Taking into account the above considerations, we determined that there is still a need to examine the adequacy of policy instruments by comparing inputs and effects. Since the end of the 1990s, cost-benefit analyses have gradually become more routine and their development is very much needed in the policy-making process [10]. In this context, the question arises as to what extent the increasing expenditures on individual measures related to environmental protection are accompanied by adequate effects on the improvement of the environment quality.
There is a relatively large body of literature on the environmental quality and public policy so one can distinguish different streams of research regarding these issues (cf. literature review section). Our study is a part of the research trend on the relationship between public expenditure and its effects on natural environment. This type of research is, however, still underdeveloped and provides ambiguous results. In particular, there is a lack of research that would attempt to address the role of structural factors affecting the effectiveness and/or efficiency of environmental expenditures. This paper tries to fill this gap by the inclusion of agriculture share as a factor influencing policy efficiency.

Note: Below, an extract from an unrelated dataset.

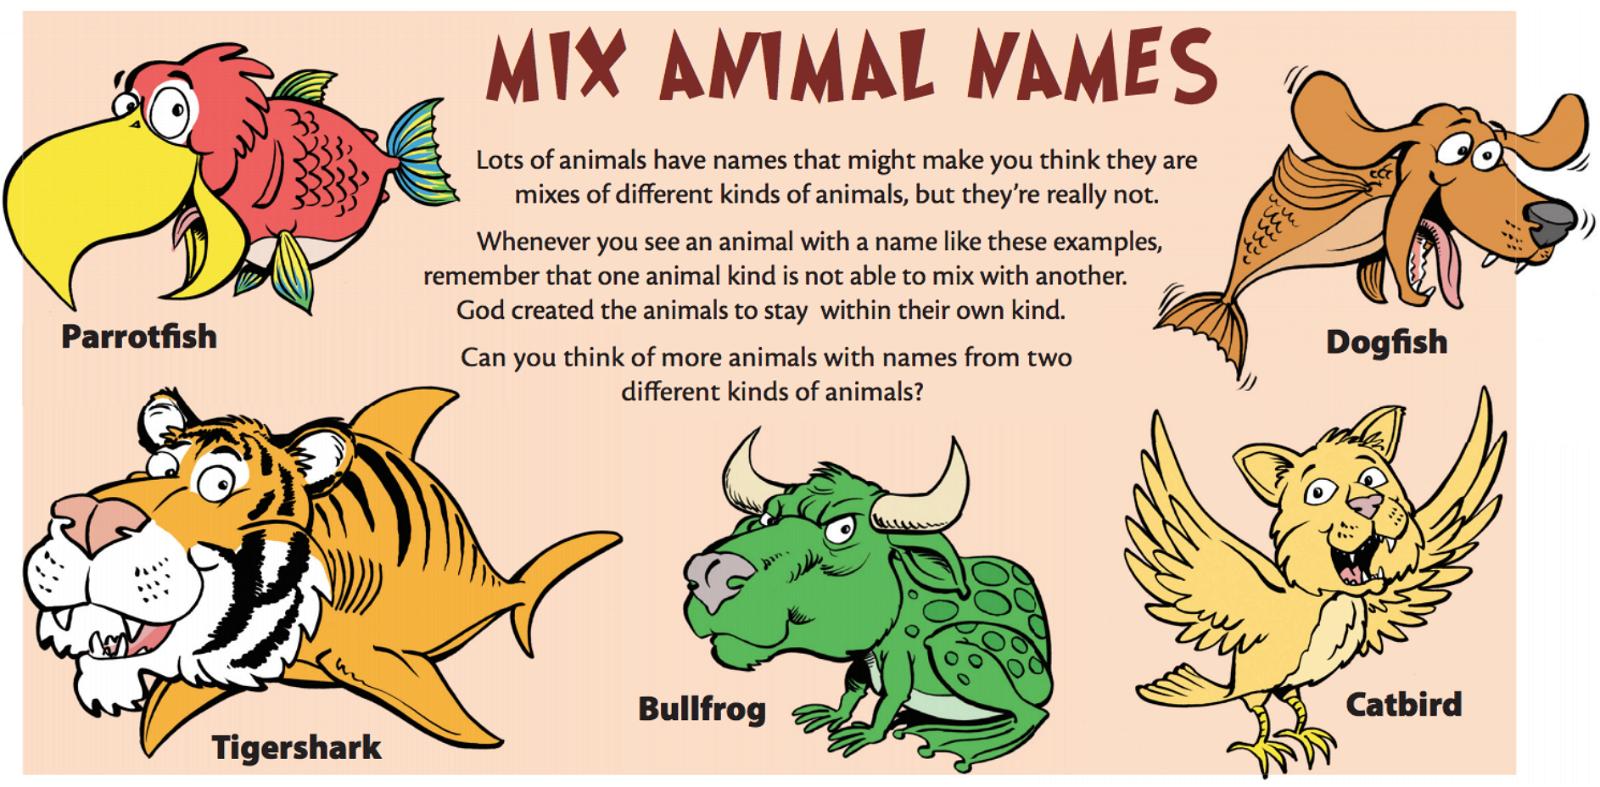 Mix animal names

The novelty of our approach might be manifested in several aspects:
  • We run a comprehensive comparative assessment of the financial efficiency of different national schemes for environment protection in the panel of 25 European Union countries (2004–2016);
  • We use an index of PM2.5 pressure on the environment (calculated as PM2.5 emissions per hectare of non-urban areas). This is used instead of a commonly used simple emission indicator as we believe that the non-urban areas matter when struggling with PM2.5 pollution due to their natural absorbent capacity;
  • We test the hypothesis that agriculture’s share in non-urban areas is a significant factor which contributes to PM2.5 emission and handicaps anti-smog policy;
  • We use a novel econometric approach in this field i.e., seminal within–between specification of Bell and Jones [11] with multilevel random effects that may identify potential sources of environmental policy inefficiency.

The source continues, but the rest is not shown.